▶ _Try it_
Set down the data below in full, exactly as it reads, but without the pictures.

▶ _Information supplied_
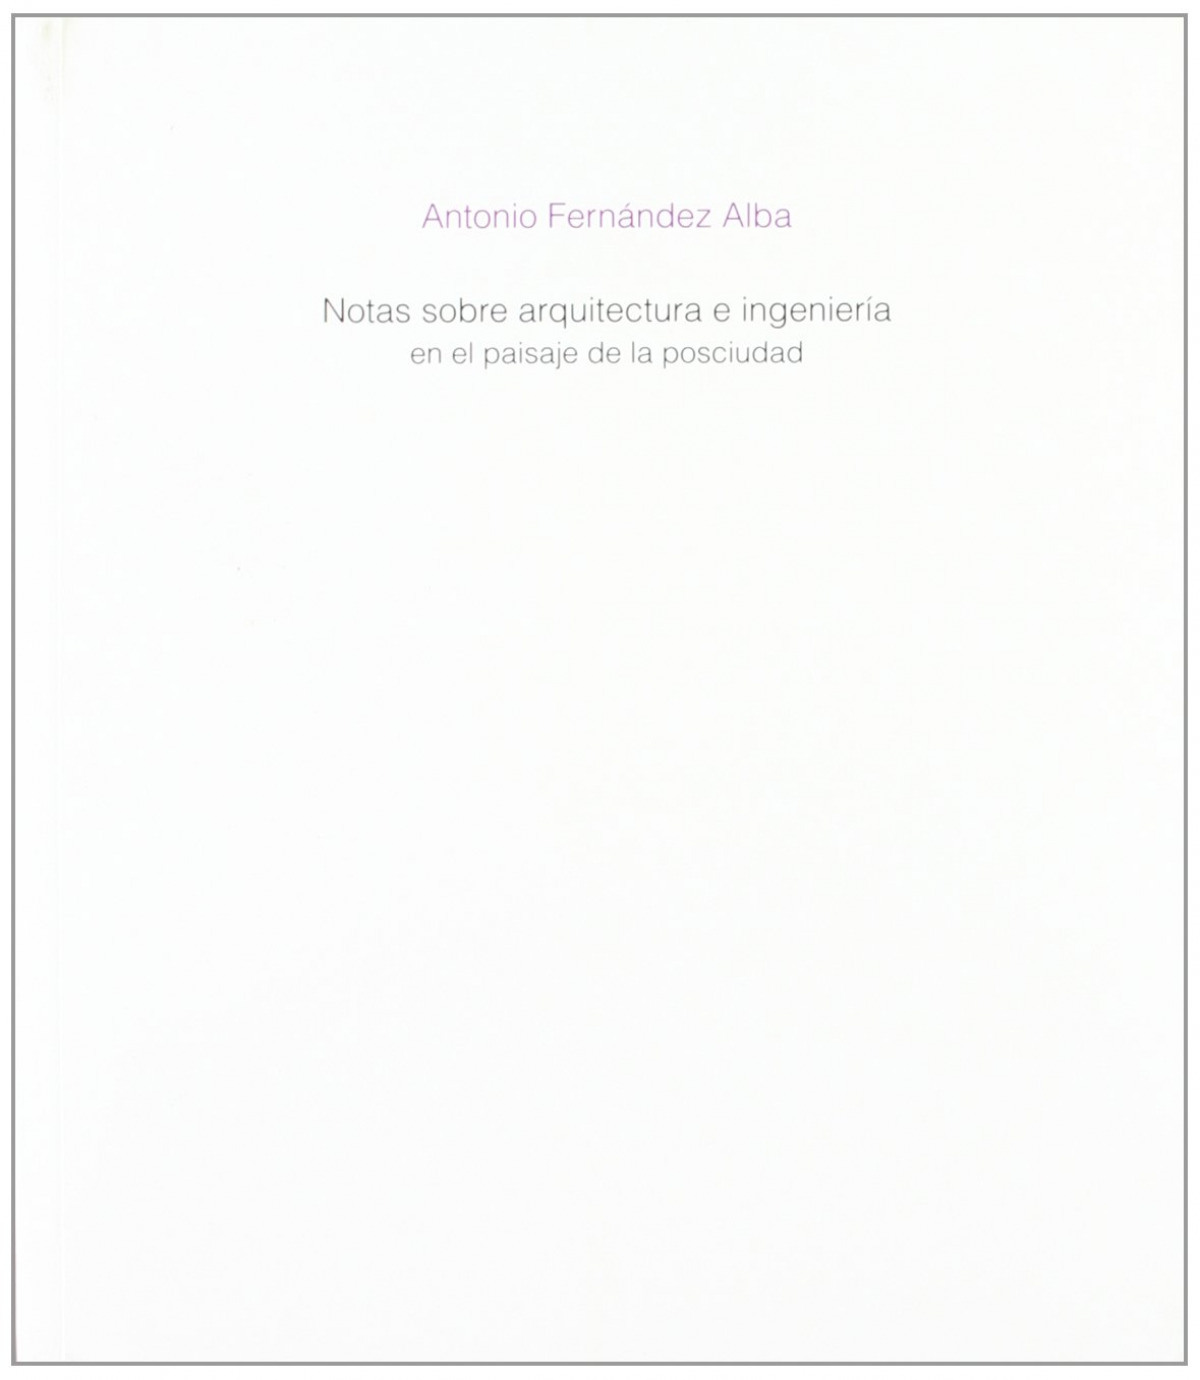 Notas sobre arquitectura e ingenieria en paisaje posciudad - Fernandez Alba, Antonio
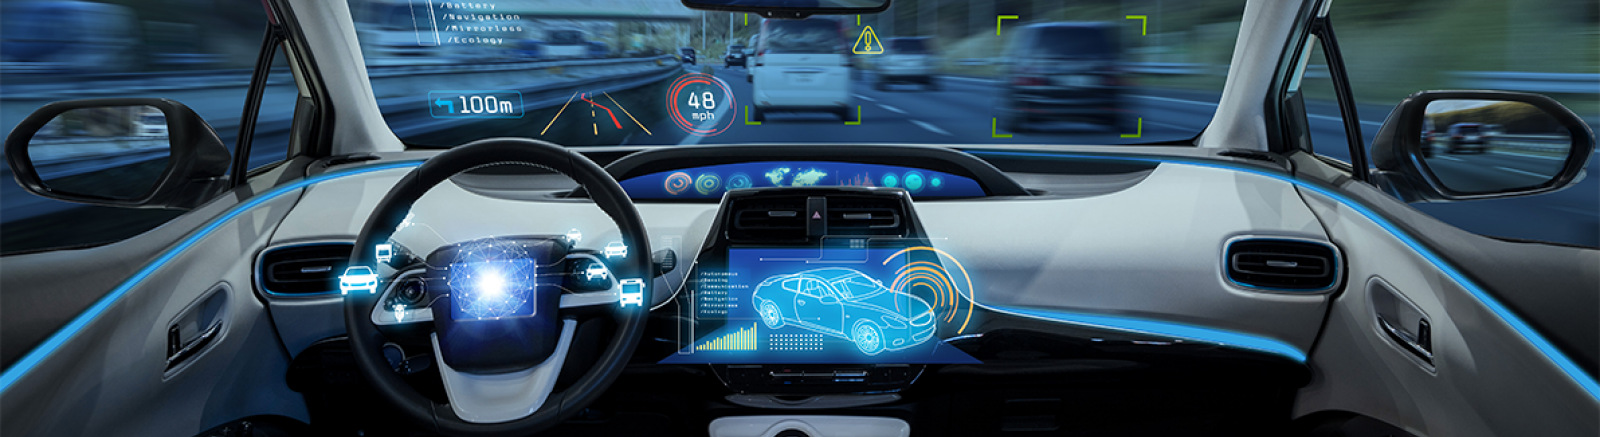 A Concept Image for Autonomous Vehicles
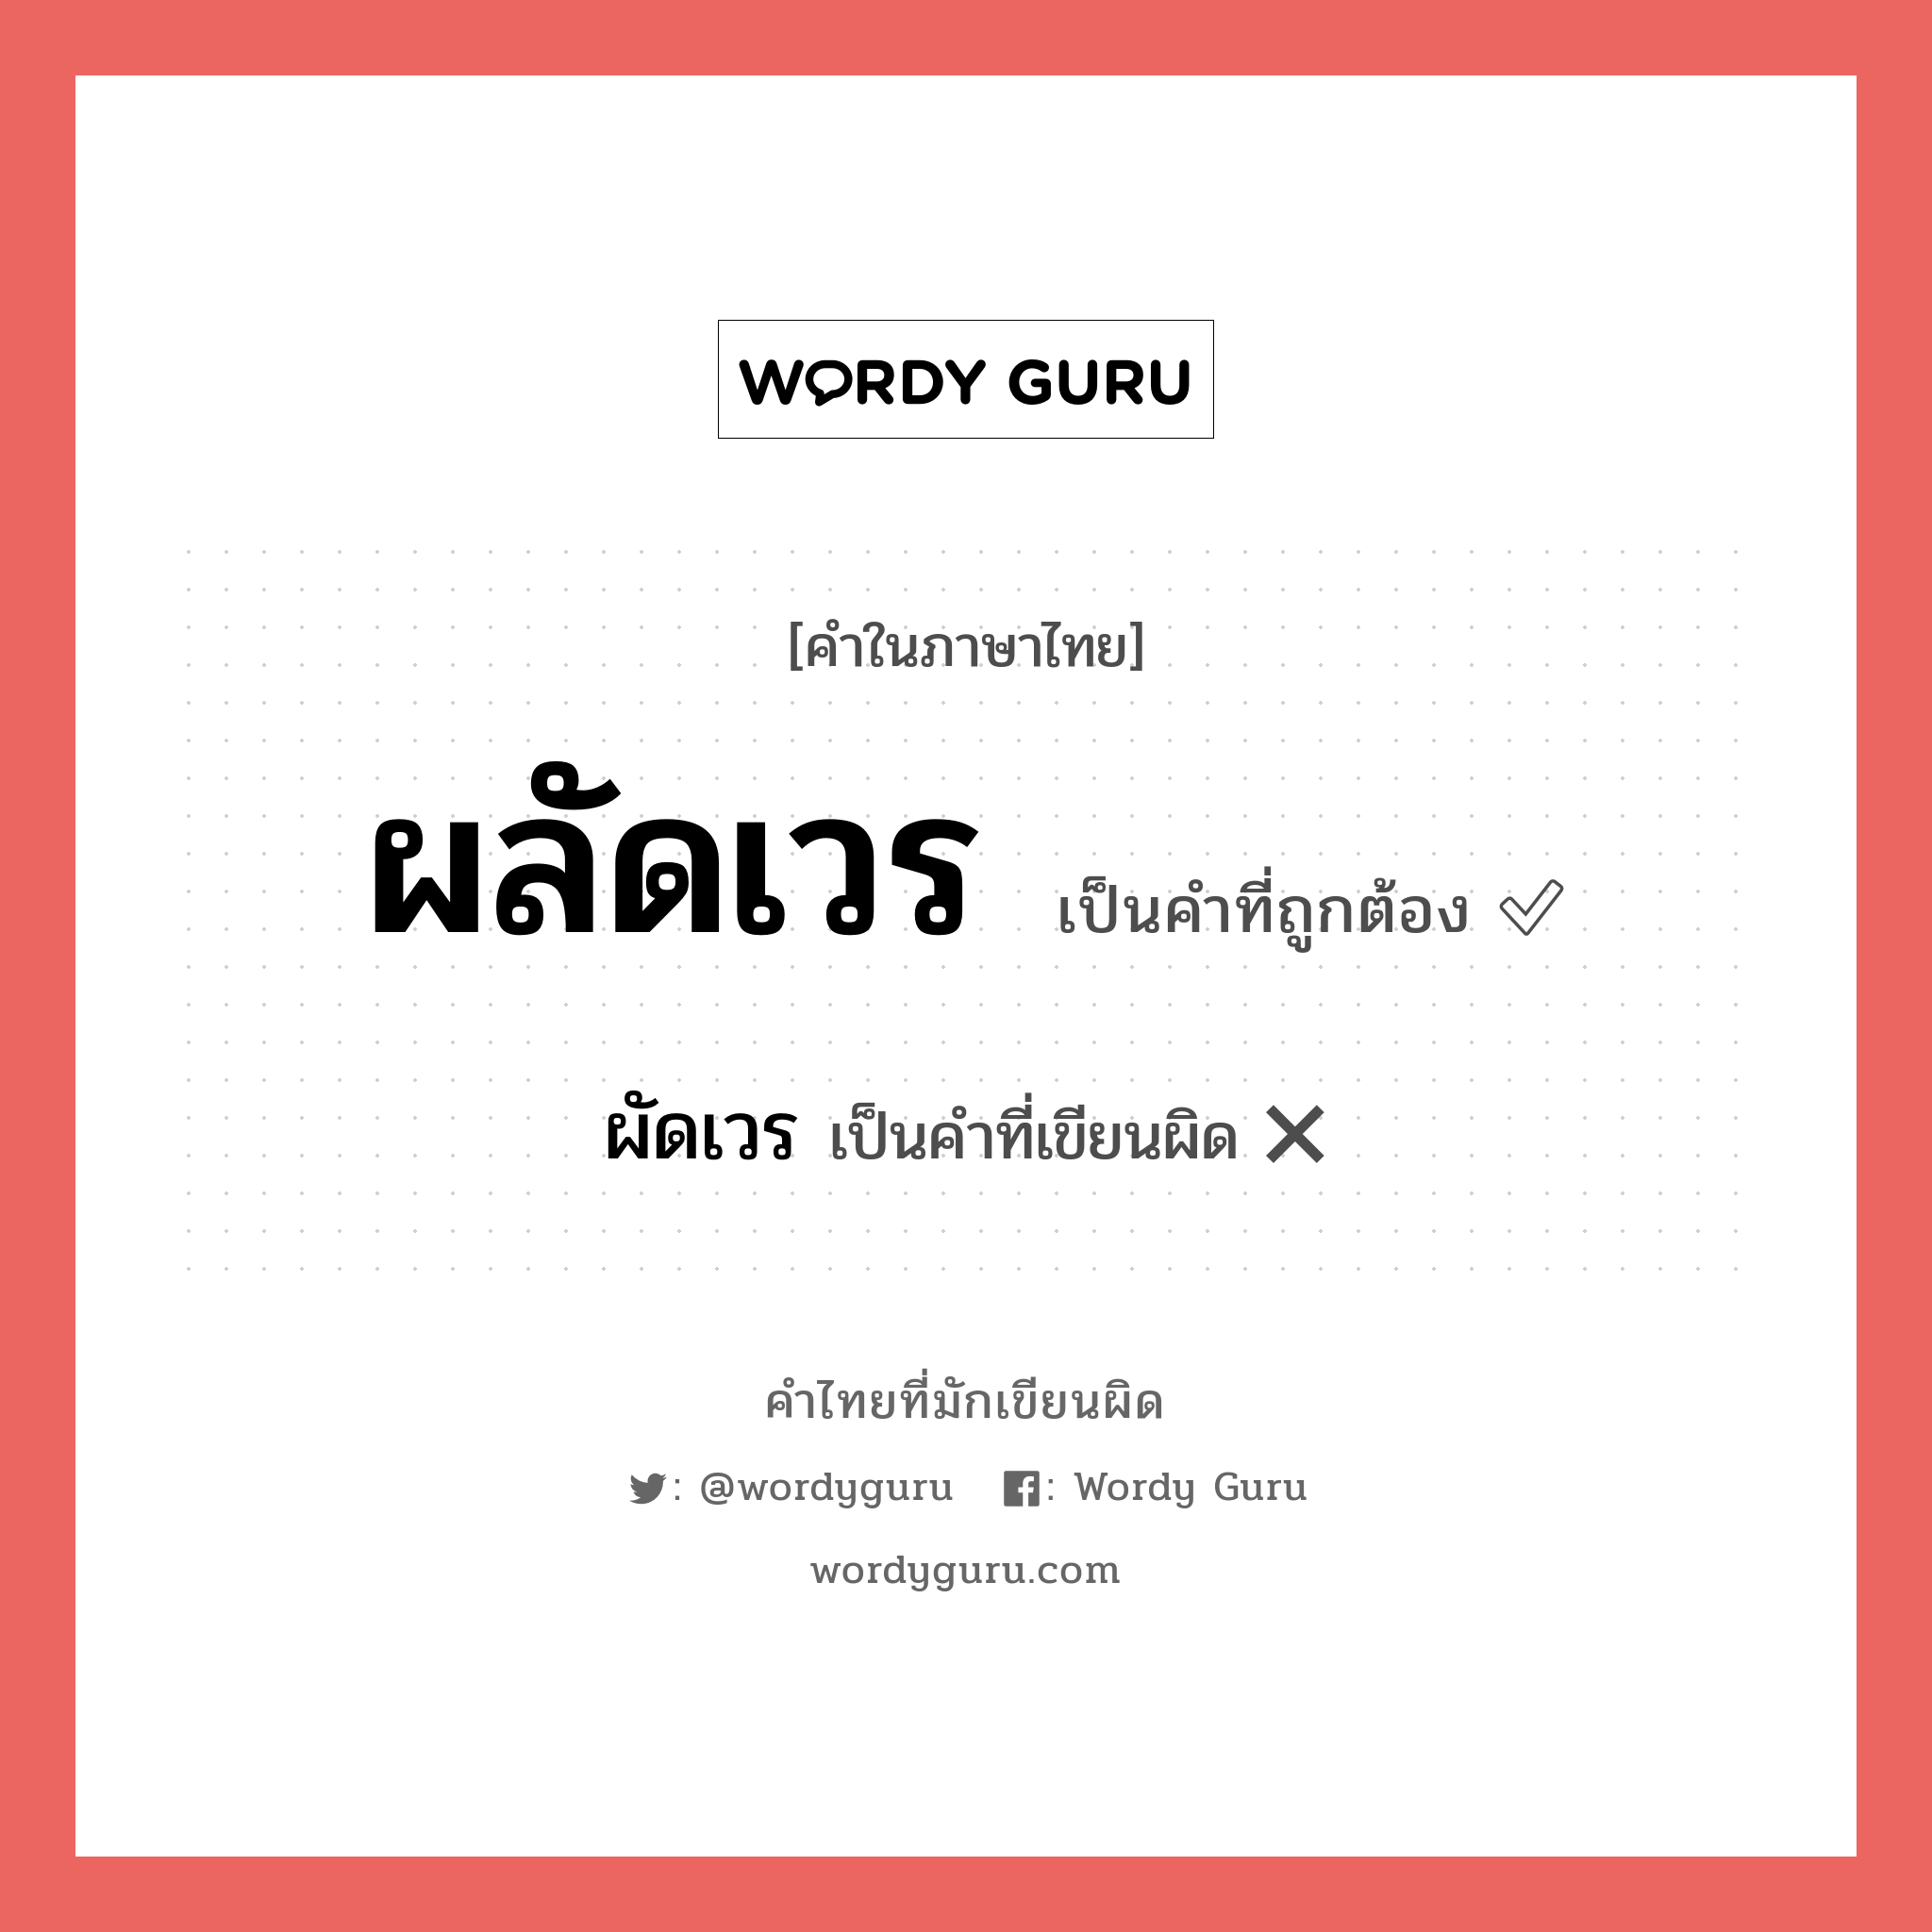 ผัดเวร หรือ ผลัดเวร คำไหนเขียนถูก?, คำในภาษาไทยที่มักเขียนผิด ผัดเวร คำที่ผิด ❌ ผลัดเวร

▶ _Answer area_
 Notas sobre arquitectura e ingenieria en paisaje posciudad - Fernandez Alba, Antonio
 A Concept Image for Autonomous Vehicles
 ผัดเวร หรือ ผลัดเวร คำไหนเขียนถูก?, คำในภาษาไทยที่มักเขียนผิด ผัดเวร คำที่ผิด ❌ ผลัดเวร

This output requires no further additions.